甚至要比上之前古寧身上的氣息還要更加微弱。
……
「隊長,我們接下來要做的事情明明有益于少主,為什麼不敢告訴大人?我相信你,就算是真的要拿走那一件不起眼的武器,應該也不是什麼難事!」
胡杰身後一卒子開口說道。
「你懂什麼?你知道這個武器的來歷嗎?你覺得他會這麼輕易的給我?信不信現在就在我的身後,就有著他的親信?」胡杰臉色並不是很好看,因為蔡猛給的有些太過于爽快了。
「為何?」
「此武器乃古之大帝所留,本就蘊含著無限可能,哪怕現在只是受損的狀態卻可以讓你在同等境界之內橫行霸道。

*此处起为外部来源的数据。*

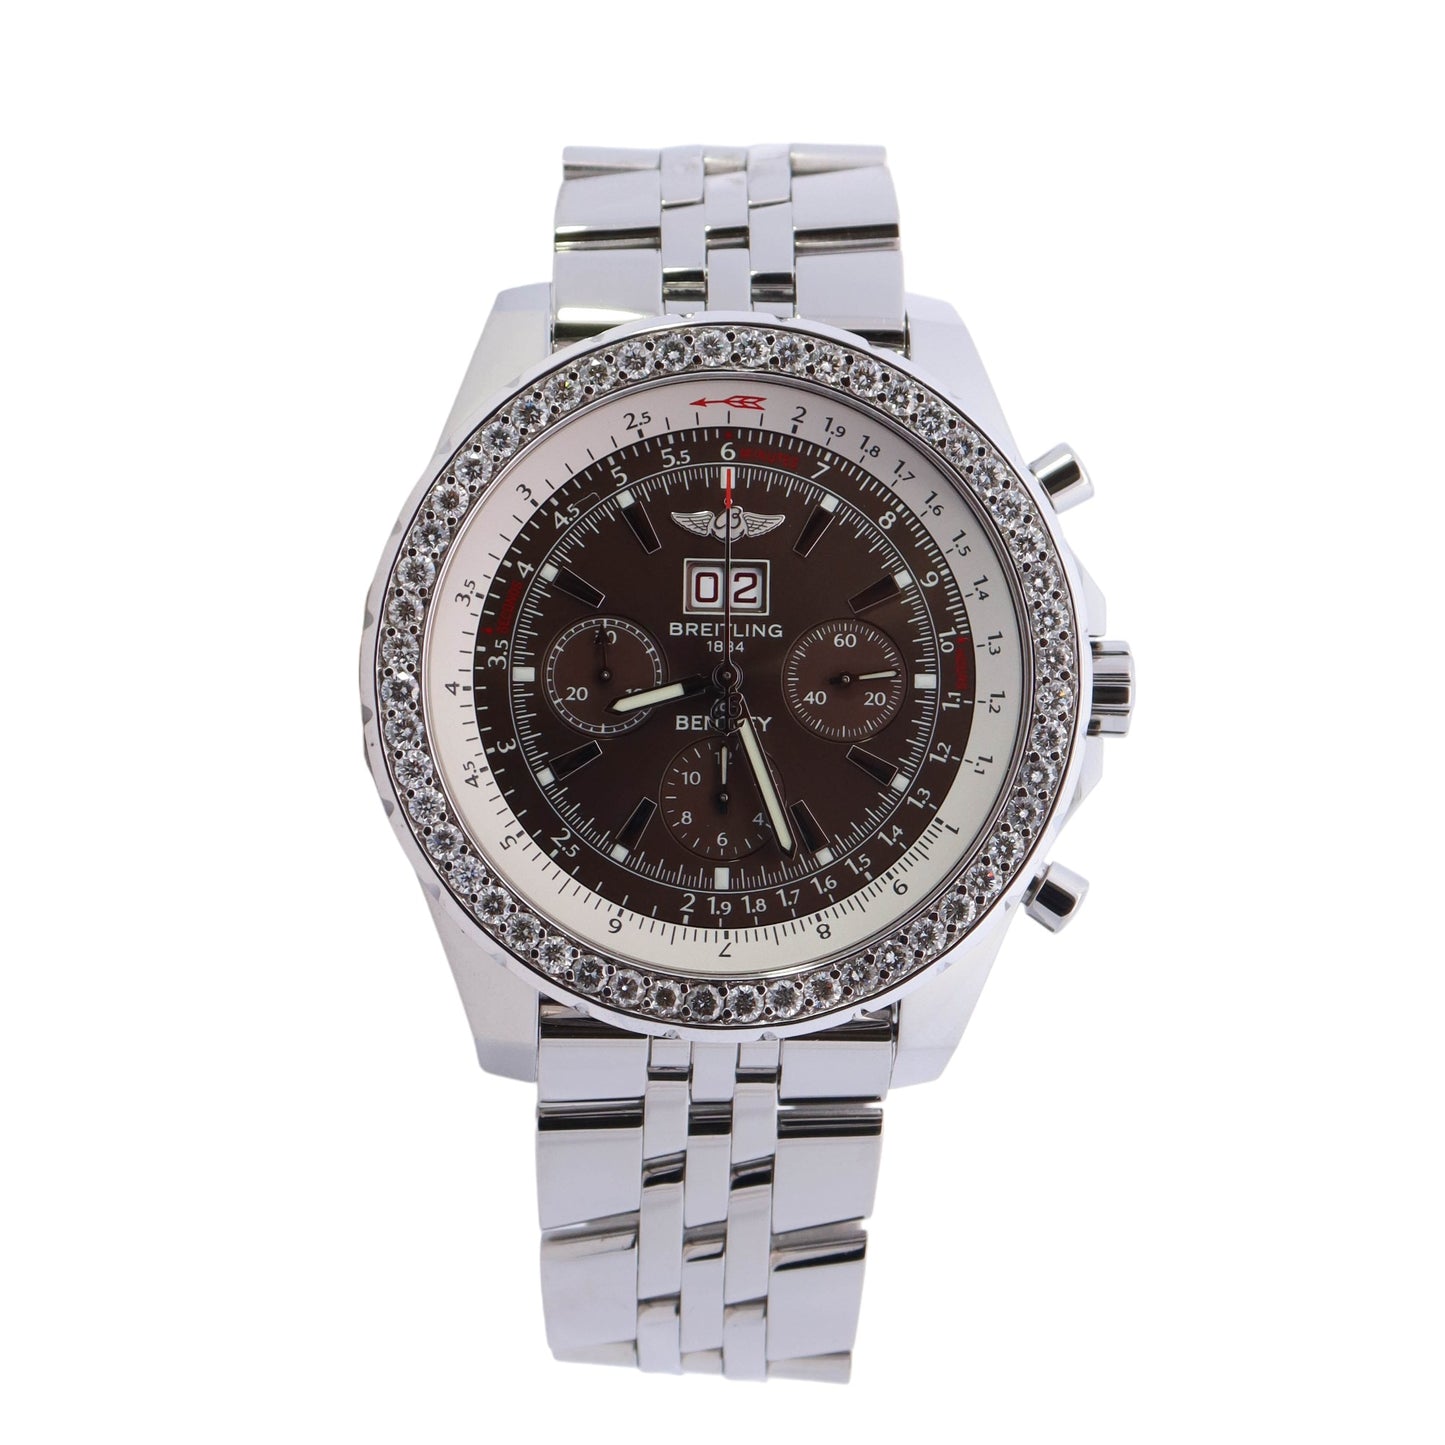 Breitling Bentley Stainless Steel 49mm Chocolate Brown Chrono Dial Watch Reference #: A44362

知道這意味著什麼嗎?意味著如果我拿著這件武器並且熟練掌控之後,就是你嘴里的那個大人,也不可能是我的對手!」
胡杰在說這句話的時候,語氣簡直睥睨一切。
「這……」
問話的小卒臉上滿是不可思議。
「如果如此強大的話,大人又怎麼可能將這件武器如此輕易的交到隊長您的手中?難不成他早就已經有計謀準備對付隊長您了?」
「你想的還是不夠透徹,我之前就已經說過了,我的身後有可能就跟著他蔡猛的死侍或者親衛!那些人的實力也許不強,但是卻好似那頂尖殺手一般來無影去無蹤,要人性命也不過就是一劍之下!我相信他絕對帶著這樣一批人前來了,別看著你這個大人看起來大老粗的樣子,實則小心謹慎,如果不是這樣的話,少主又怎麼可能將她一直留在身邊!他現在的地位,有一半是來自于他的性格!」
胡杰確實不服氣,因為其實他的實力和蔡猛差不多。
但是蔡猛的受寵程度卻要比他來的更加清楚。
「這……」
這小卒還準備繼續詢問些什麼,但卻被胡杰直接打斷了。
「前方朋友就請出來吧,何必躲躲藏藏!」
沒有人理會,甚至沒有絲毫的風吹草動。
「如果朋友不出來,那我就只有利用自己的手段,讓朋友親自走出來給我看看了!」
胡杰正準備動手,一身油滑的聲音便已經從正前方的一個陰影處傳了出來。